**WHAT TO PRODUCE**
When you reach the line containing "Tineco iFLOOR Cordless" in the data below, begin returning lines exactly as written, and stop once the line containing "Oral History Interview" has been returned.

**SOURCE MATERIAL**

== Segment start ==

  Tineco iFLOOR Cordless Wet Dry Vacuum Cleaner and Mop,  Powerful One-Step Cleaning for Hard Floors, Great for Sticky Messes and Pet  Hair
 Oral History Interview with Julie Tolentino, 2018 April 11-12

== Segment end ==
== Segment start ==

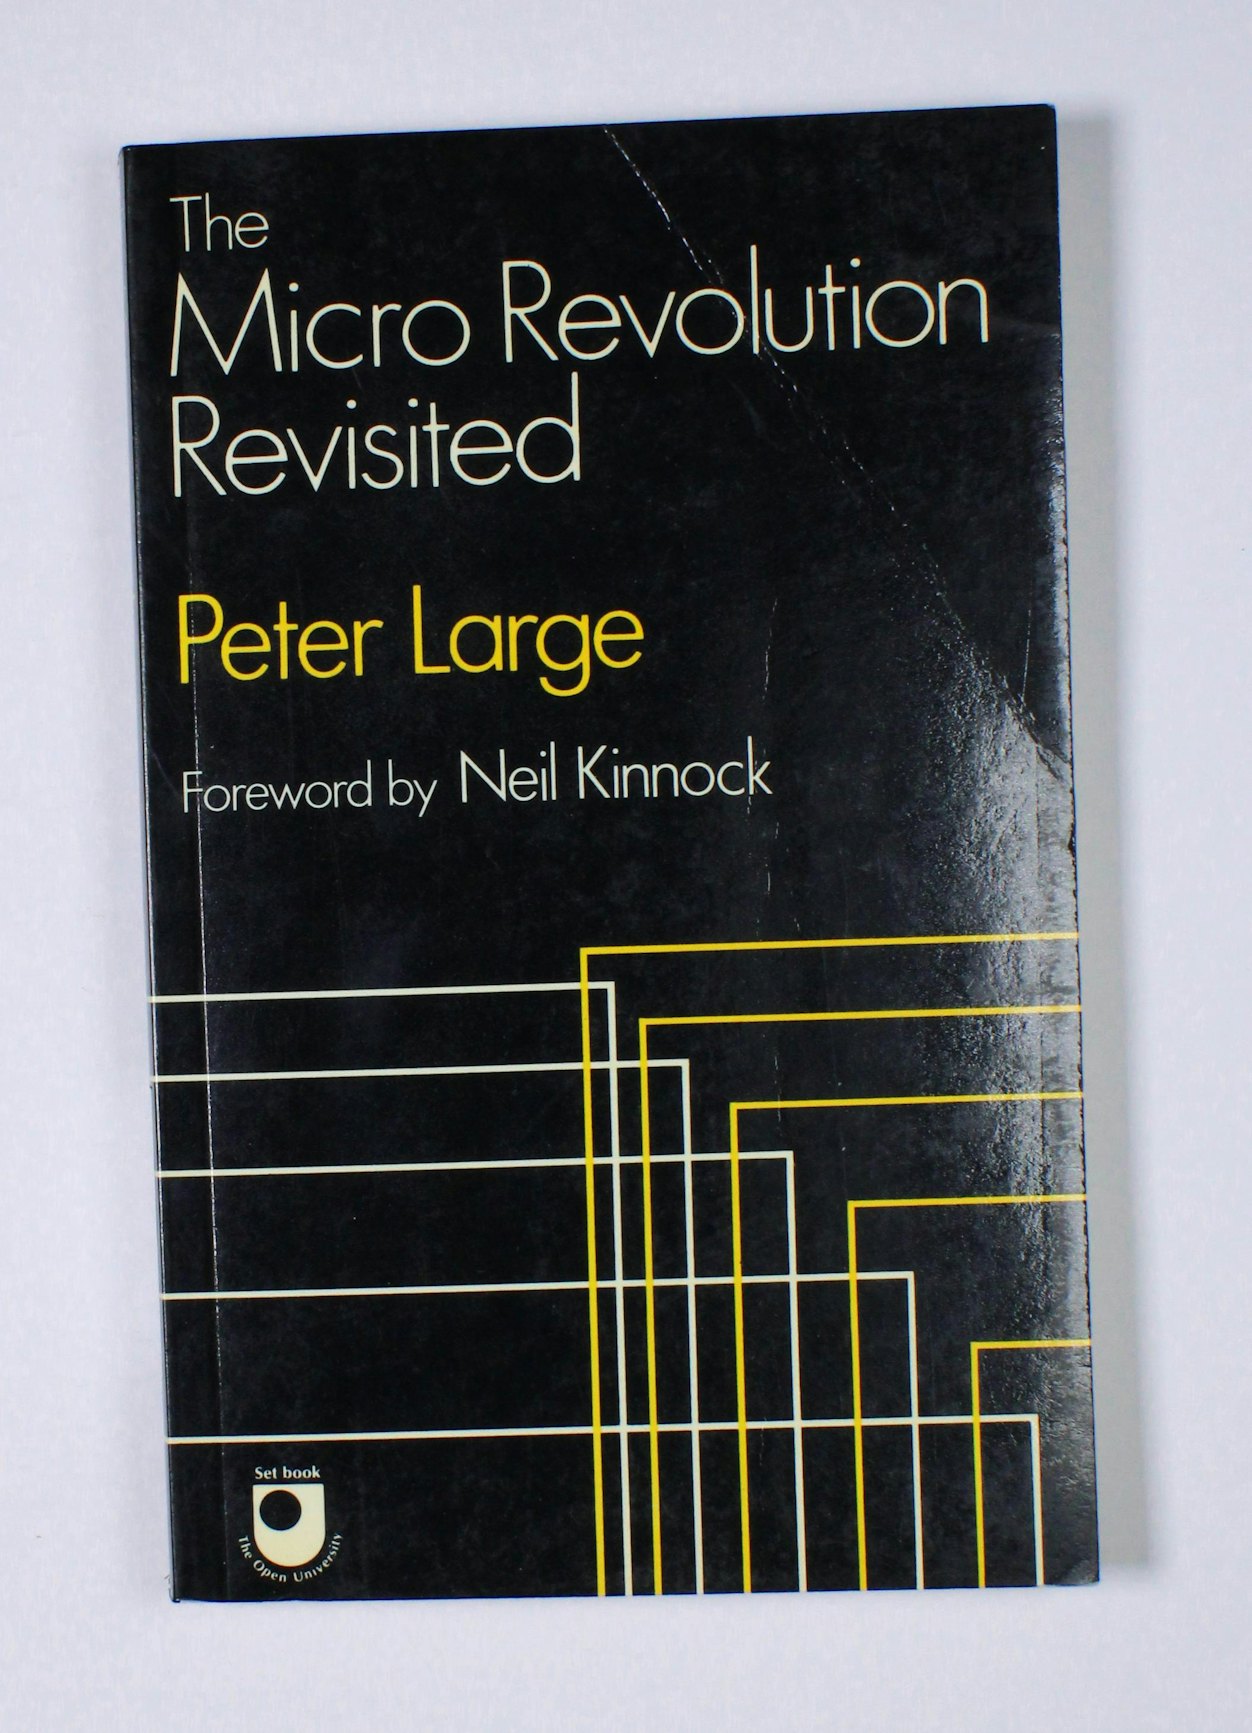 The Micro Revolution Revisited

== Segment end ==
== Segment start ==

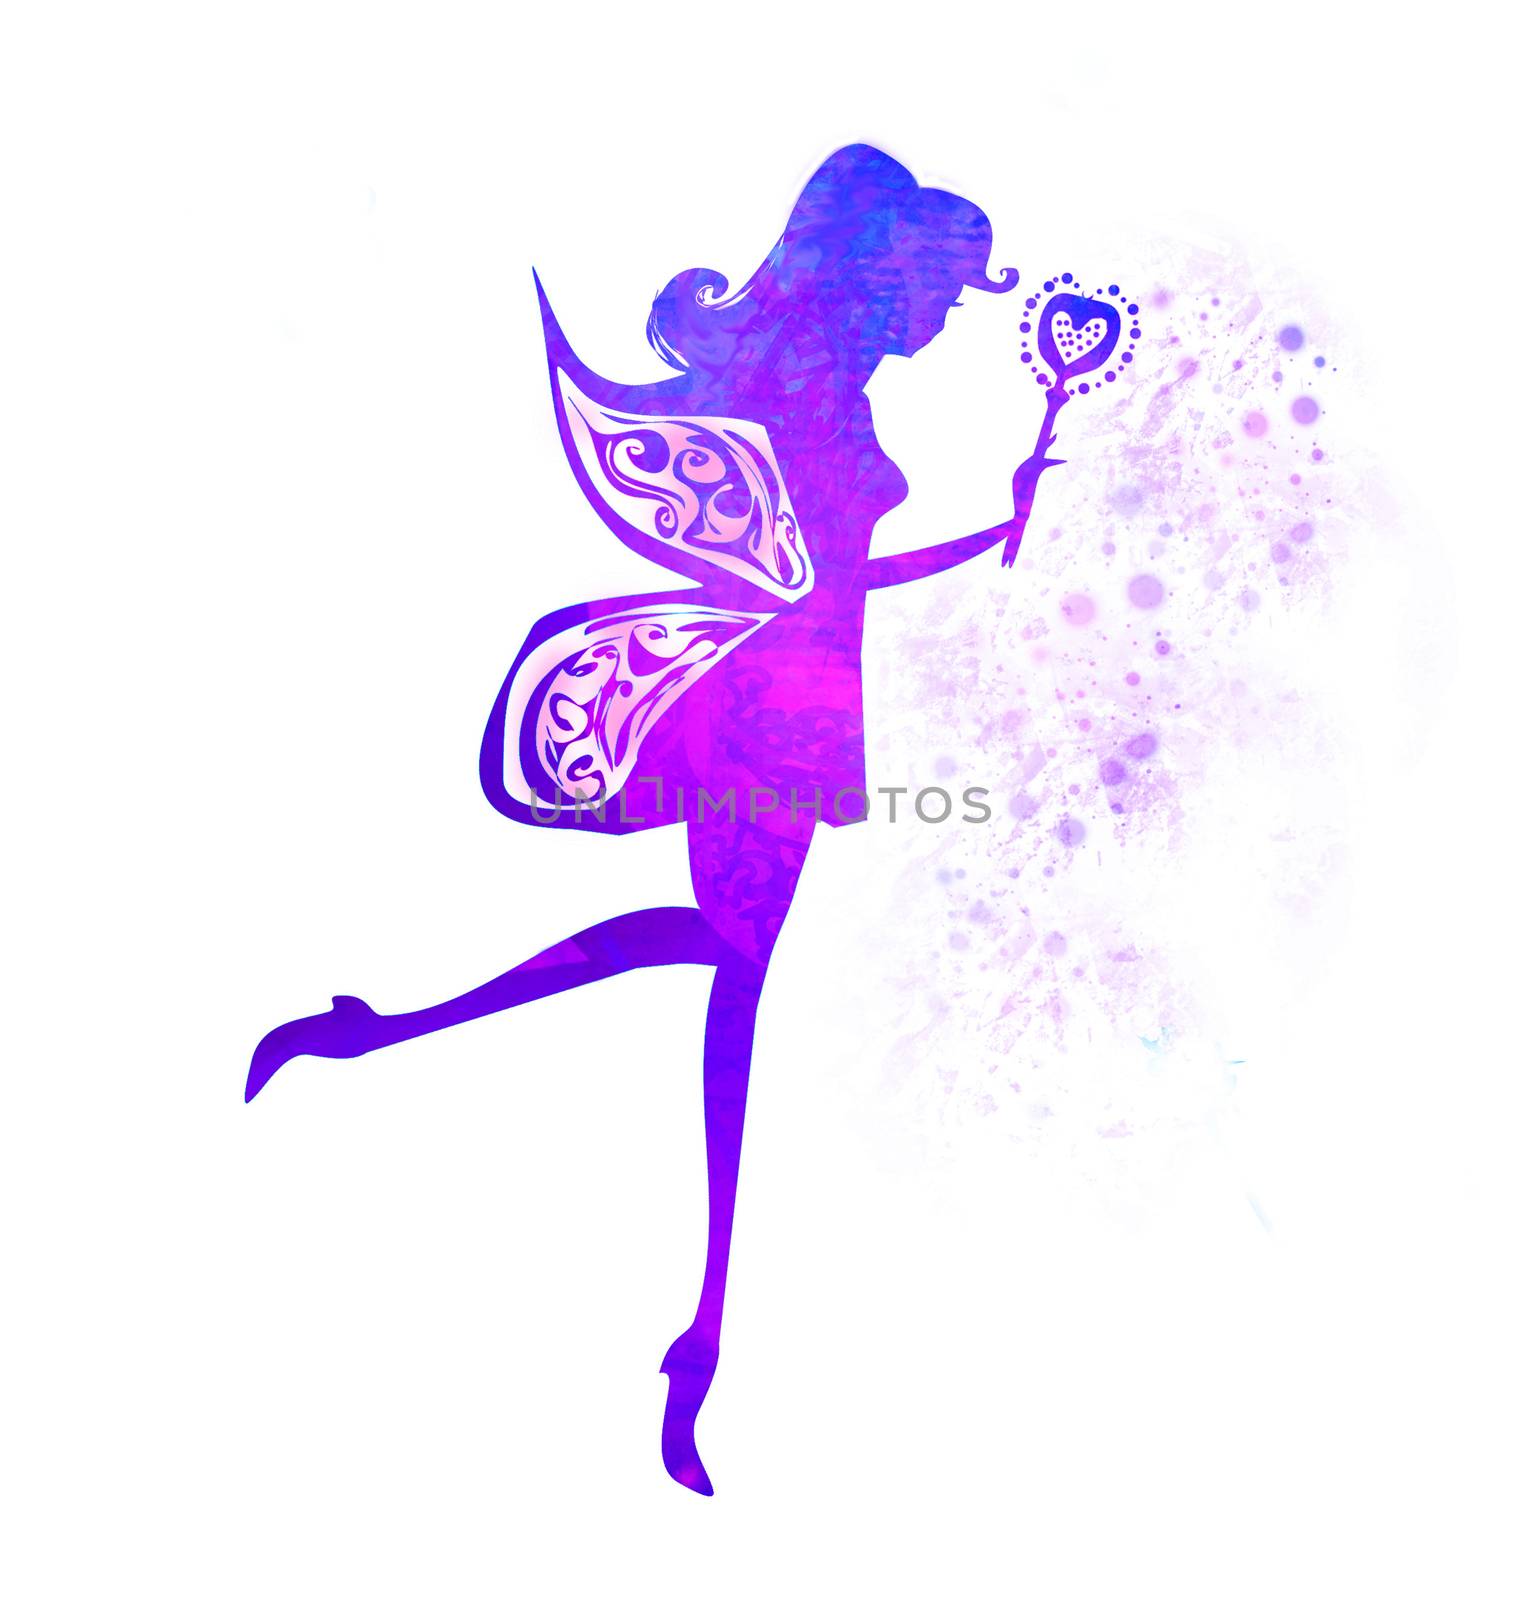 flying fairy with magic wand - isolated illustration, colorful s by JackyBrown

== Segment end ==

**EXERCISE ANSWER**
  Tineco iFLOOR Cordless Wet Dry Vacuum Cleaner and Mop,  Powerful One-Step Cleaning for Hard Floors, Great for Sticky Messes and Pet  Hair
 Oral History Interview with Julie Tolentino, 2018 April 11-12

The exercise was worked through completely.